In-Frame Exon 9 CALR Deletions Co-Occur with Other Alterations in the JAK-STAT Pathway in Myeloproliferative Neoplasms

Introduction: Mutations in the chaperone gene calreticulin (CALR) have been recently identified in essential thrombocythemia (ET) and primary myelofibrosis (PMF), and are essentially mutually exclusive with JAK2 or MPL mutations. Normal and mutant CALR proteins may differentially affect the subcellular trafficking of JAK-STAT signaling components. CALR mutations previously reported in ET and PMF have been +1 frameshift (fs) mutations localized to exon (E) 9 that generate a novel C-terminal protein sequence with a shift from acidic to basic residues. CALR E9 in-frame (IF) deletions have been recently rarely reported as polymorphisms such as TMP_ESP_19_13054686_13054688 and TMP_ESP_19_13054650_13054658 (Ensembl database entries). We sought to determine the frequency and associated clinical features of CALR with E9 IF alterations in samples submitted for suspicion of a myeloproliferative neoplasm (sMPN). We also assessed whether CALR IF alterations are differentially associated with +1fs mutations or with JAK2 V617For other somatic mutations in MPN-associated genes.

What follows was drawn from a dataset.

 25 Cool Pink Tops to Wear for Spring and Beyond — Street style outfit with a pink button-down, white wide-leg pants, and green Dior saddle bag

Materials and Methods: CALR mutation analysis of E9 was performed on genomic DNA extracted from blood, bone marrow (BM) aspirate or fixed BM biopsy sections using a Sanger sequencing assay with an analytic sensitivity of at least 15%. E9 IF cases were further assessed and mutations quantified by an Ion torrent sequencing panel assessing CALR, CSF3R, JAK2 and MPL, a second panel containing ASXL1, EZH2, IDH1, IDH2, KRAS, NRAS and TET2 and an Illumina MiSeq extended panel with 20 additional MPN-associated genes. These assays had a sensitivity of approximately 5%. JAK2 V617Fmutations were quantitated using a pyrosequencing assay with an analytic sensitivity of 1%.

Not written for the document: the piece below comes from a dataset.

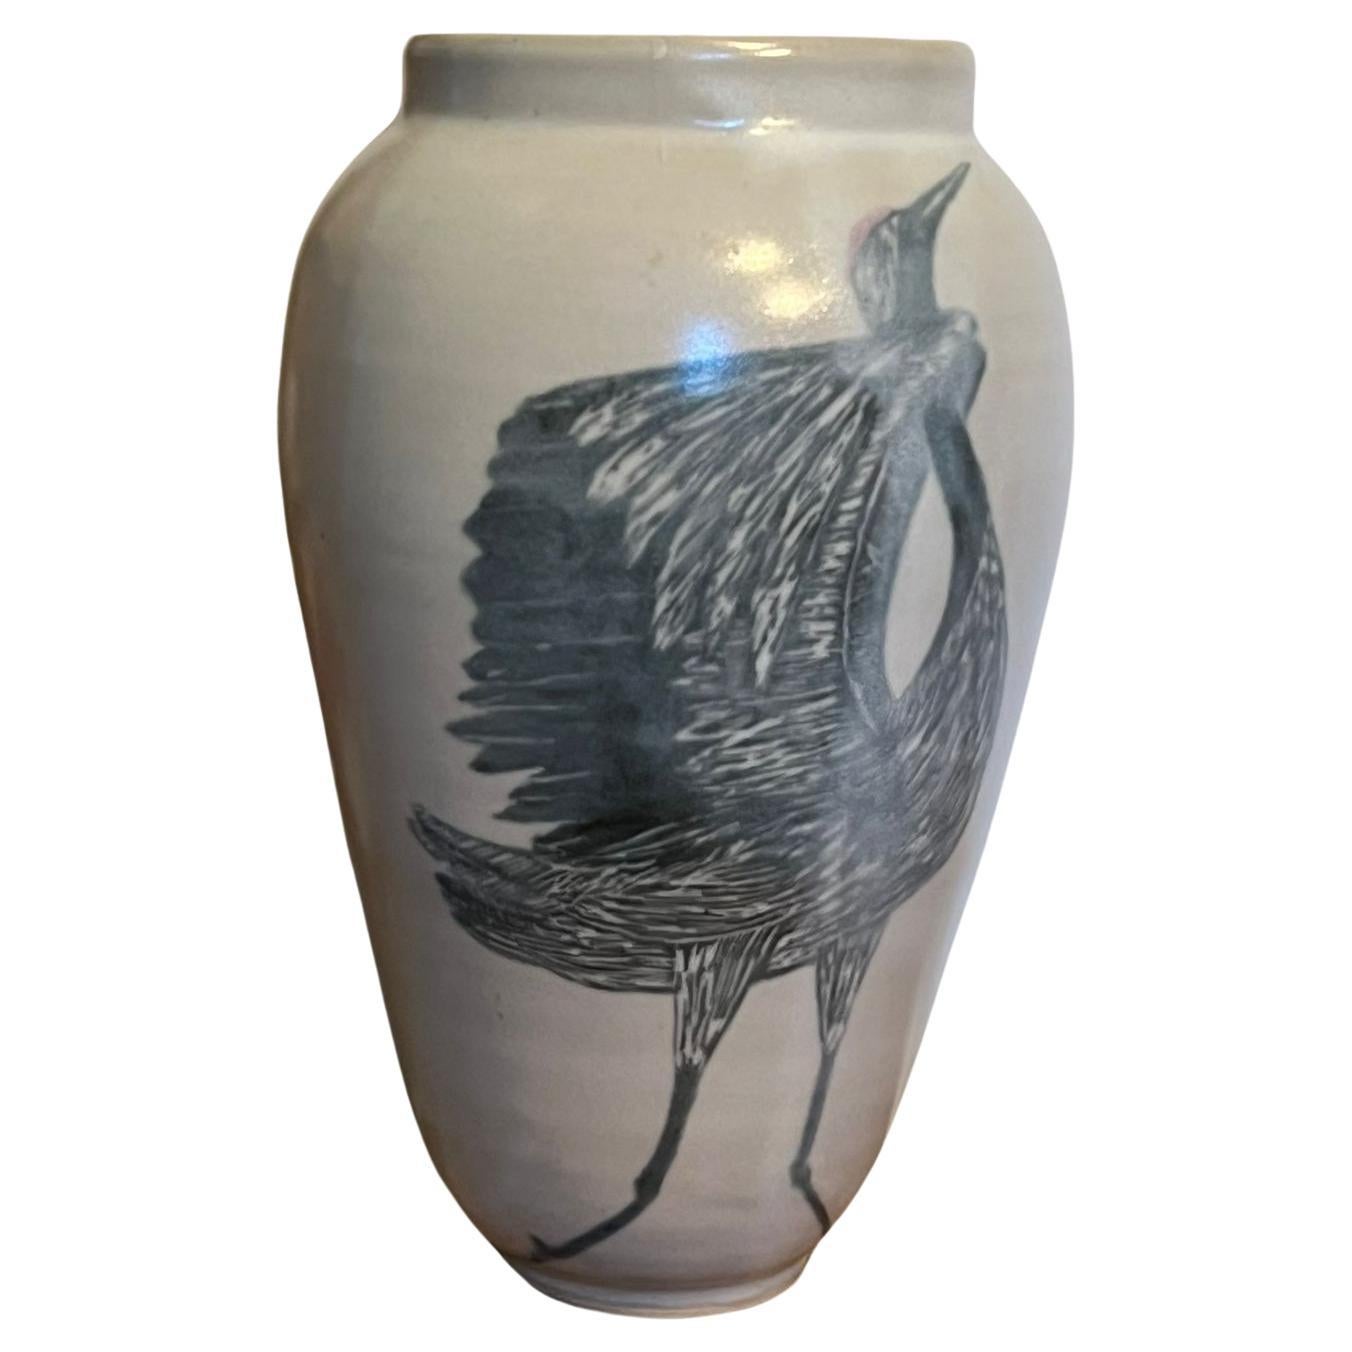 Stamped Vintage Large Hand Painted Bird Vase Pottery.

Results: We assessed CALR E9 mutation status in 733 sMPN samples that were negative for JAK2 V617F mutation. 148 (20.1%) had typical +1fs mutations (95 type 1 and variants, 53 type 2 and variants); 2 (0.3%) had point mutations (E381A and D7373M); 7 (1.0%) had IF deletions including E381_A382>A, D397_D400>D (n =4), D400_K401>D and E405_V409>V. All E9 IF deletions were present at ~50% of reads. Clinical diagnoses were cytopenia/BM fibrosis, ET, thrombocytosis/anemia, and sMPN unspecified. Mutation analysis for 27 additional MPN-associated genes revealed mutations in 5/7 (71.4%) IF deletion cases including in MPL (W515L,40%; D163Y,12%), CSF3R (A470T 46%), ASXL1 (D954fs*26, 45%) and ZRSR2 (S449_R450dup, 27%). No additional mutations were found in the 2 cases with non-synonymous CALR point mutations/SNPs. In a parallel set of 76 MPN samples that had JAK2 V617F at varying levels, we noted 1 E9 IF deletion (D397_D400>D) in a sMPN case with 21.6% JAK2 V617F, and a typical +1fs mutation (K385fs*47) in a case with low (4.2%) JAK2 V617F. All other JAK2 V617F cases had no E9 CALR alterations.

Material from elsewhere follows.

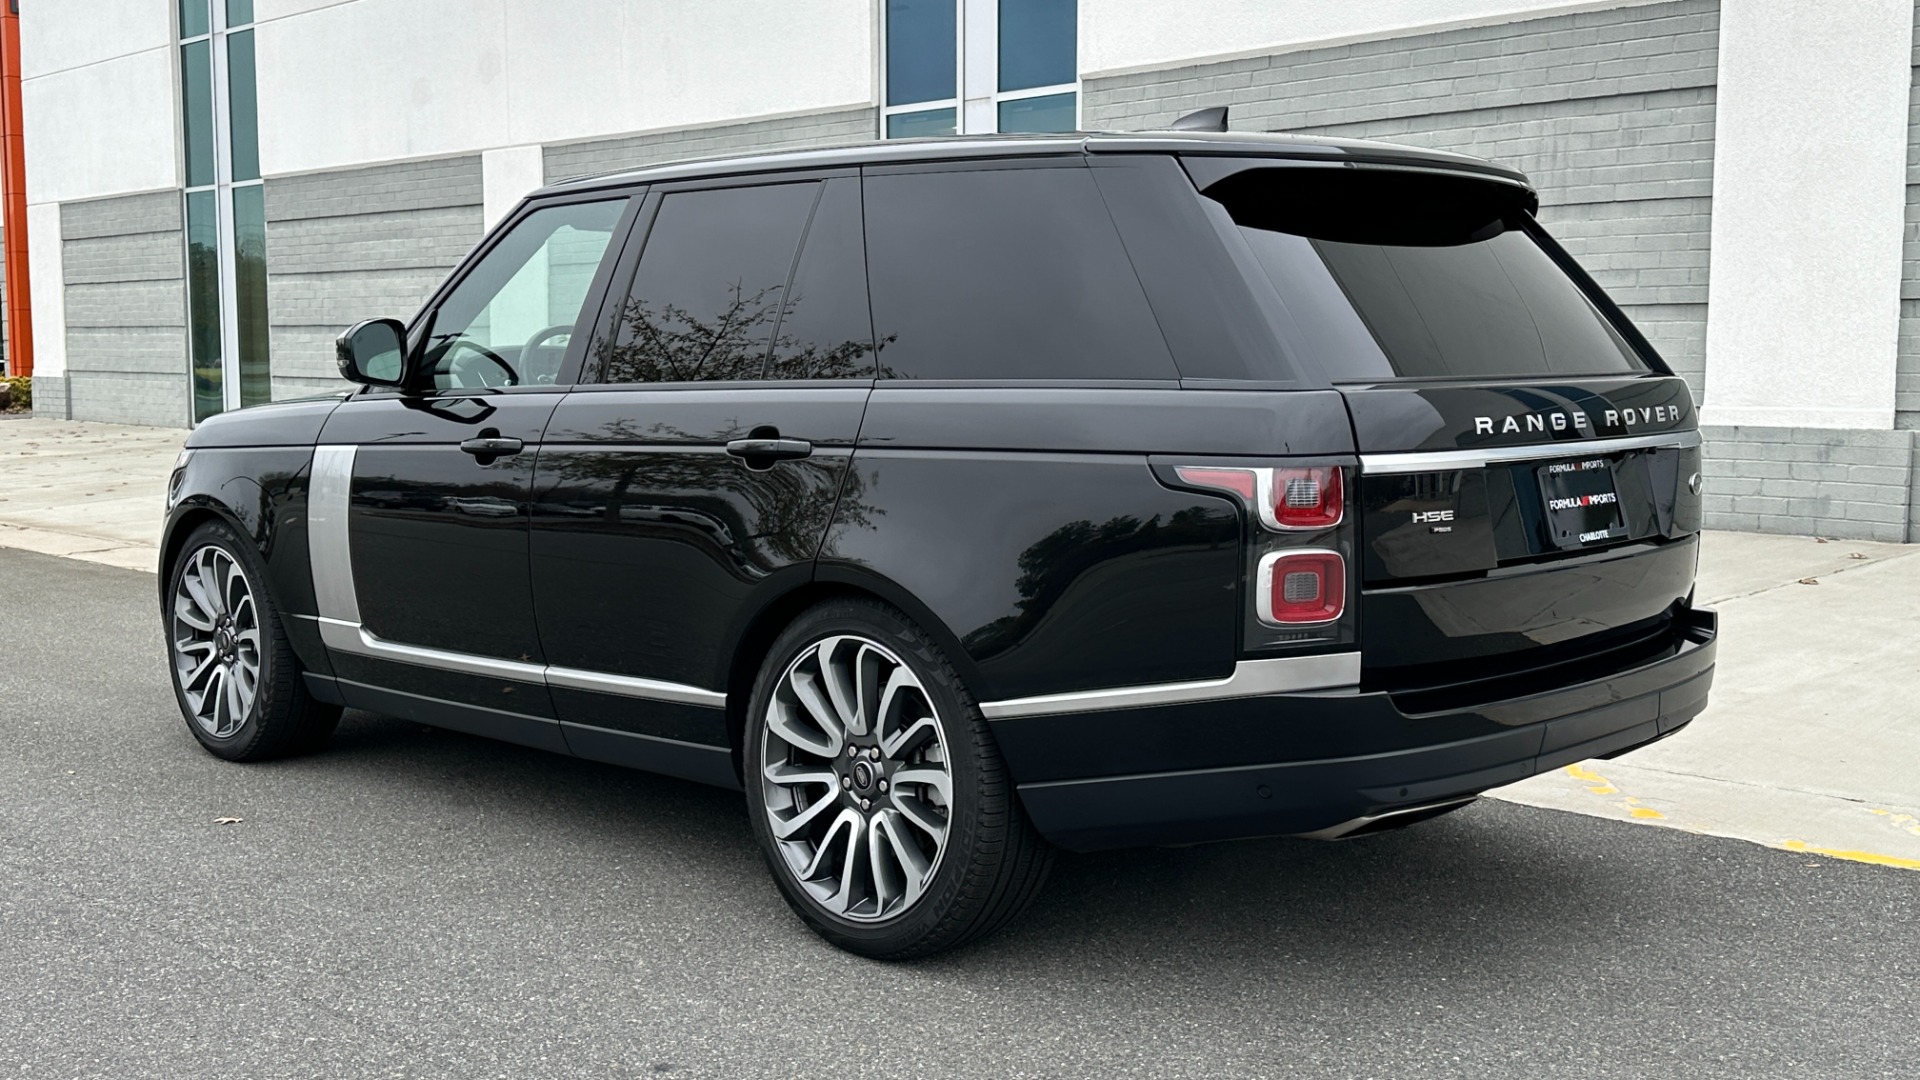 Used 2020 Land Rover Range Rover P525 HSE / DRIVE PRO PACK / 22IN WHEELS / MERIDIAN SOUND / REAR CONVENIENCE for sale $72,000 at Formula Imports in Charlotte NC 28227 4

Conclusions: CALR E9 in-frame deletions occur in up to 1% of sMPN samples and involve a variety of codons in the acidic domain. Therefore, sizing assays without DNA sequencing are not sufficient to unequivocally distinguish IF deletions from the characteristic +1 frameshift somatic mutations associated with ET and PMF. Given their level, these CALR IF deletions are likely germline sequence variants but are associated with a high frequency of somatic mutations in other MPN-associated genes but not with CALR +1fs mutations. Their co-occurrence with pathogenic somatic mutations in JAK2, MPL and CSF3R affecting the JAK-STAT pathway raises the possibility for a contributory role of altered CALR proteins produced by these E9 deletions in the pathogenesis of MPN.